最近は政治ブログのようになって来ました。世を憂う日々。悪くなっていく社会にひと言。

龍馬伝 第24回「愛の蛍」

2010年06月14日 | 大河ドラマ・時代劇
 龍馬(福山雅治)とお龍(真木よう子)の恋物語が本格的に始まった。
 「家族を放り出して好き勝手をやっている人は嫌い」といきなり<嫌い発言>のお龍。
 でもこの発言の背後には父親への思いがある。
 父親は龍馬同様、志のために家族を放って好き勝手やっていた男。
 お龍は龍馬を父親と重ねていた。
 父親を否定しながらも同時に求めているお龍。
 その父親を求める気持ちが龍馬への関心を嫌がおうにも向けさせる。
 龍馬が病気の母親や兄弟たちといっしょにいるのを見て、お龍は龍馬に父親を見たのではないか。
 そして、それが恋に発展する。 
 なかなか複雑な心情だ。
 加尾や佐那が「好き」と直球で向かっていったのに対し、お龍は変化球。
 なかなか心を開かないお龍に龍馬はやきもきする。
 いきなり「嫌い」で、「お借りしたお金はお返しします」ですからね。
 やはり恋は追いかけた方が負け?
  
 また、お龍が龍馬に的確な言葉を与えたのもヒット。 
 彼女は亀弥太の死についてこう言った。
 「志を貫かれたのでしょう、あの人は。
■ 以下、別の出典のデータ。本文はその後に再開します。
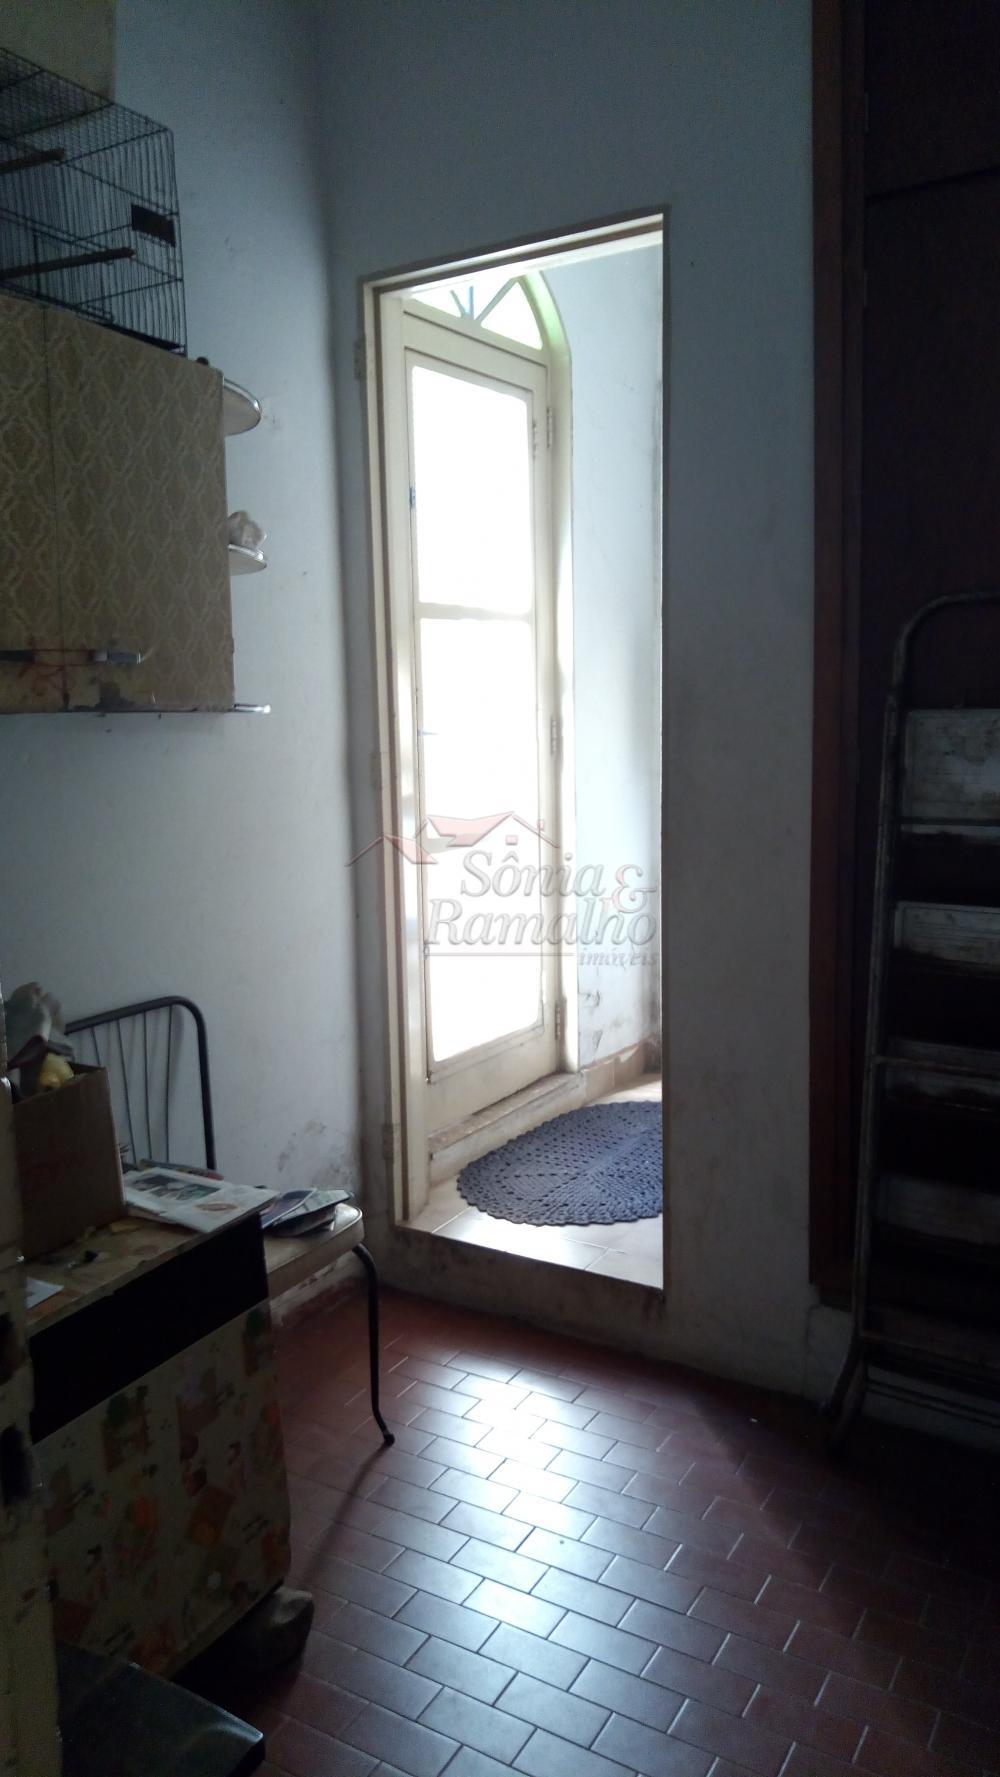 Comprar Casas / Padrão em Ribeirão Preto R$ 700.000,00 - Foto 17
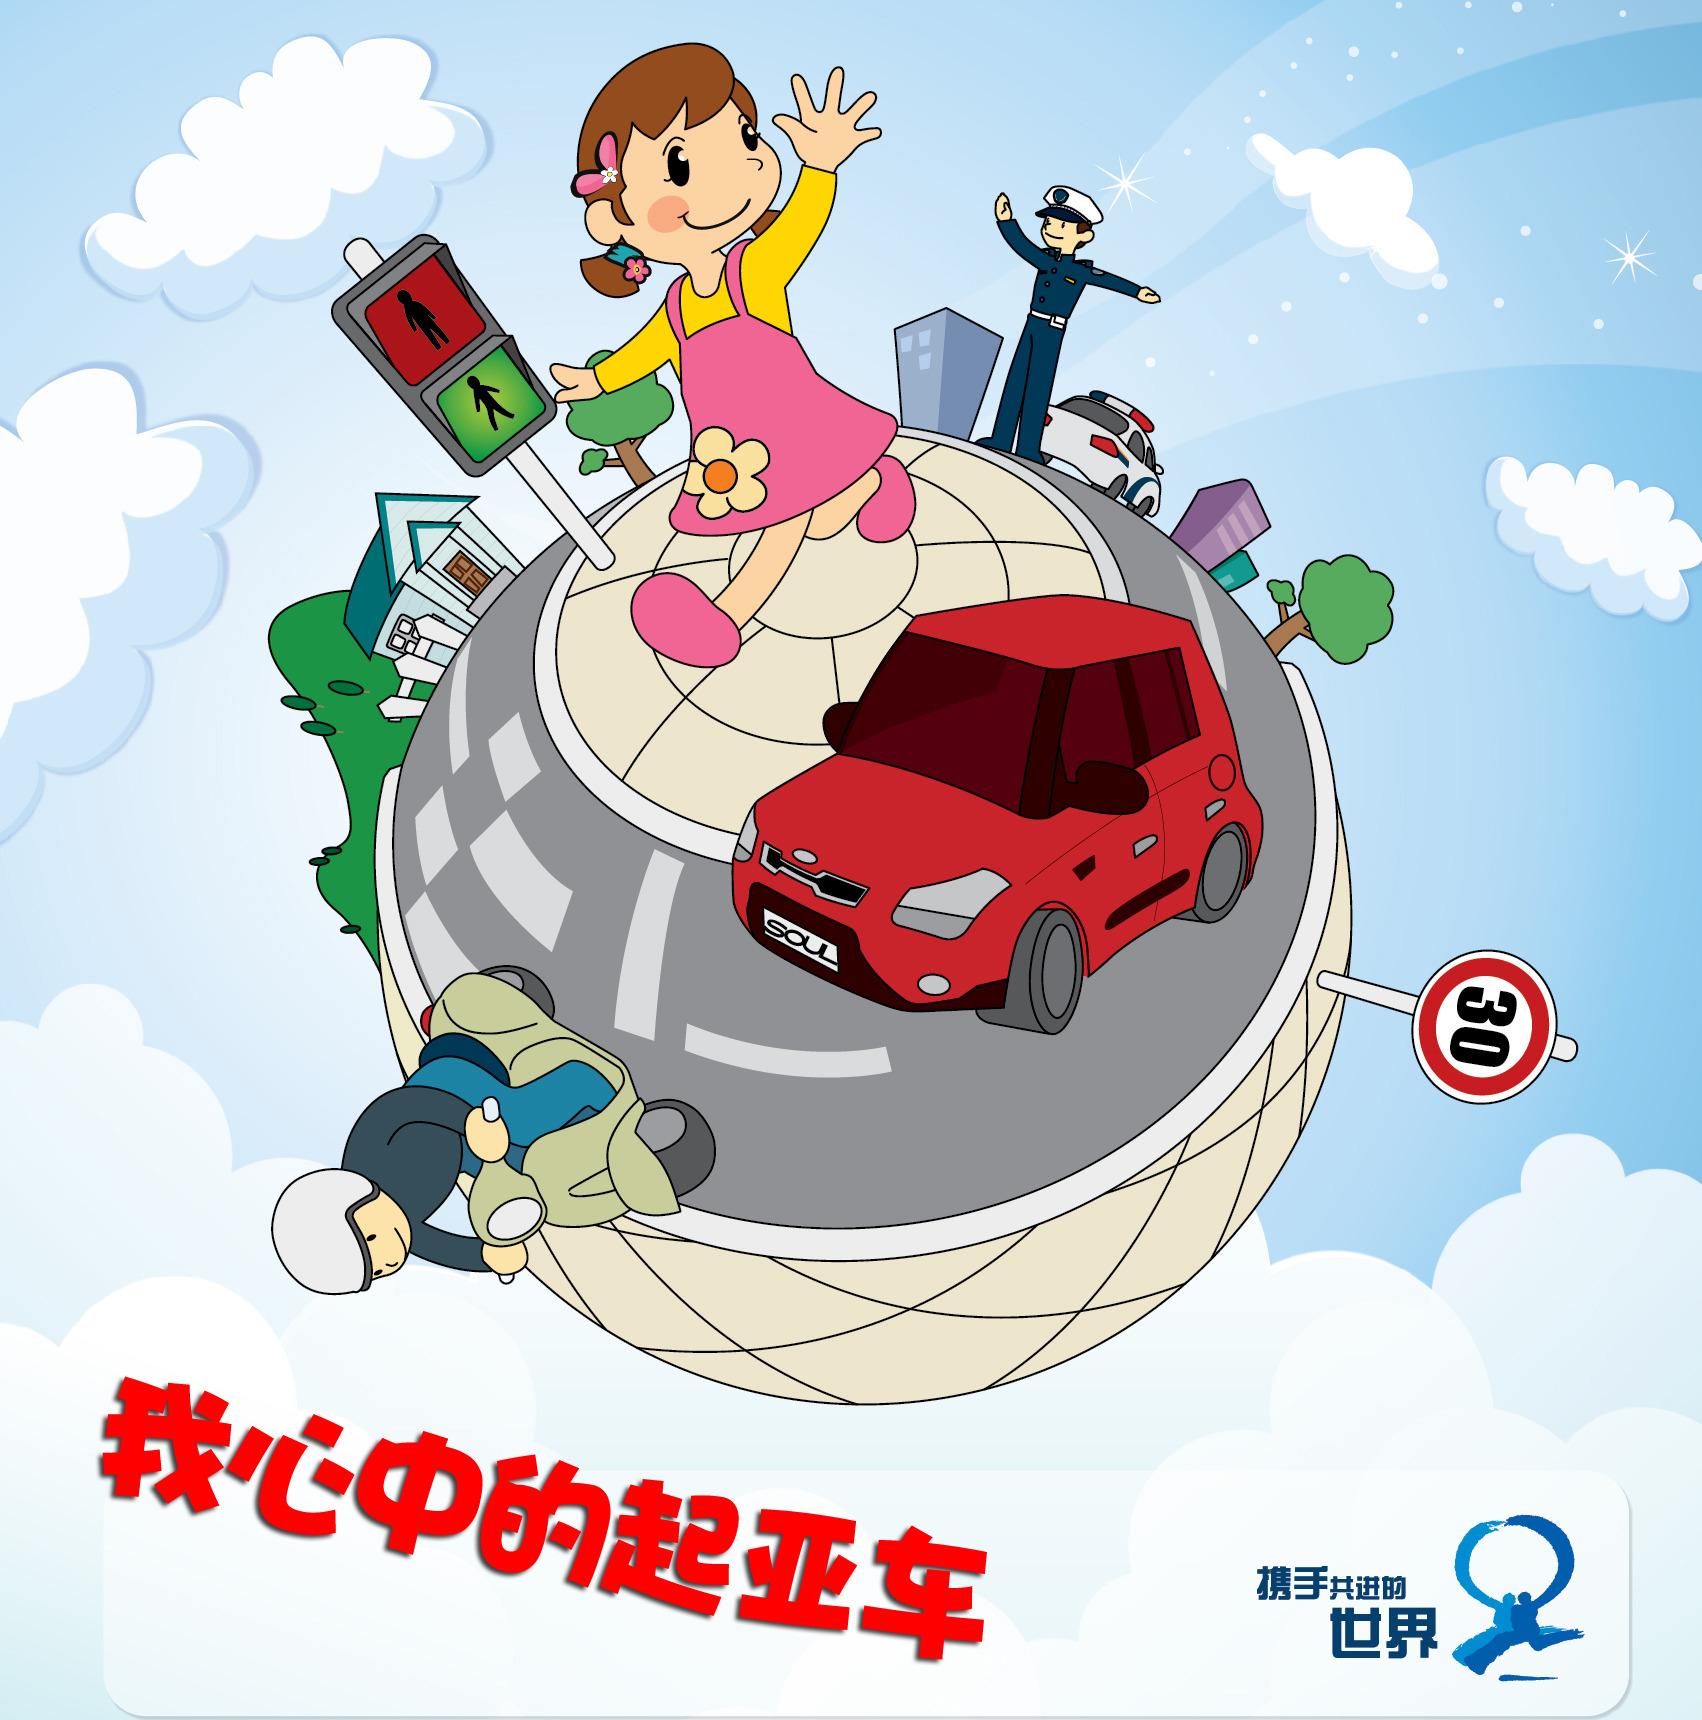 【我心中的起亚车——大型DIY绘画比赛_青岛韩亚专题活动】 - 网上车市

坂本さんはほめてあげなくては。よう頑張った。侍らしく死んだと」
 亀弥太の死についてどう考えたらいいか迷っていた龍馬。
 <無駄な死?><虫けらの死?>
 それをお龍は<志を貫いたほめるべき死>と意味づけた。
 龍馬にとっては救われたことだろう。
 龍馬の心に響いたお龍の言葉。
 龍馬の心の中にお龍はしっかりと刻まれたことだろう。

 そして今回はもうひとつの愛。
 半平太(大森南朋)とお冨(奥貫薫)。
 「つらい牢生活に美しいものを」「あなたと同じものを見ていたい」
 そんな思いを込めて送ったホタル。
 なかなか上手い小道具だ。
 そんな冨と比べて、武市の「おまんに辛い思いをさせてすまん。まっこと、すまん」は芸がないが、これは武市の性格で仕方がないか?
 弥太郎(香川照之)夫婦との比較も面白い。
 比較の中で子供がいないことをお冨さんは悔いているのかと視聴者に思わせておいて、実は乙女の話で、子供がいないことが逆にふたりの強い絆になっていることが告げられる。
 上手い。
 これが弥太郎夫婦のことをうらやましく思うお冨の描写だったら、何と趣のない薄いシーンになっていただろう。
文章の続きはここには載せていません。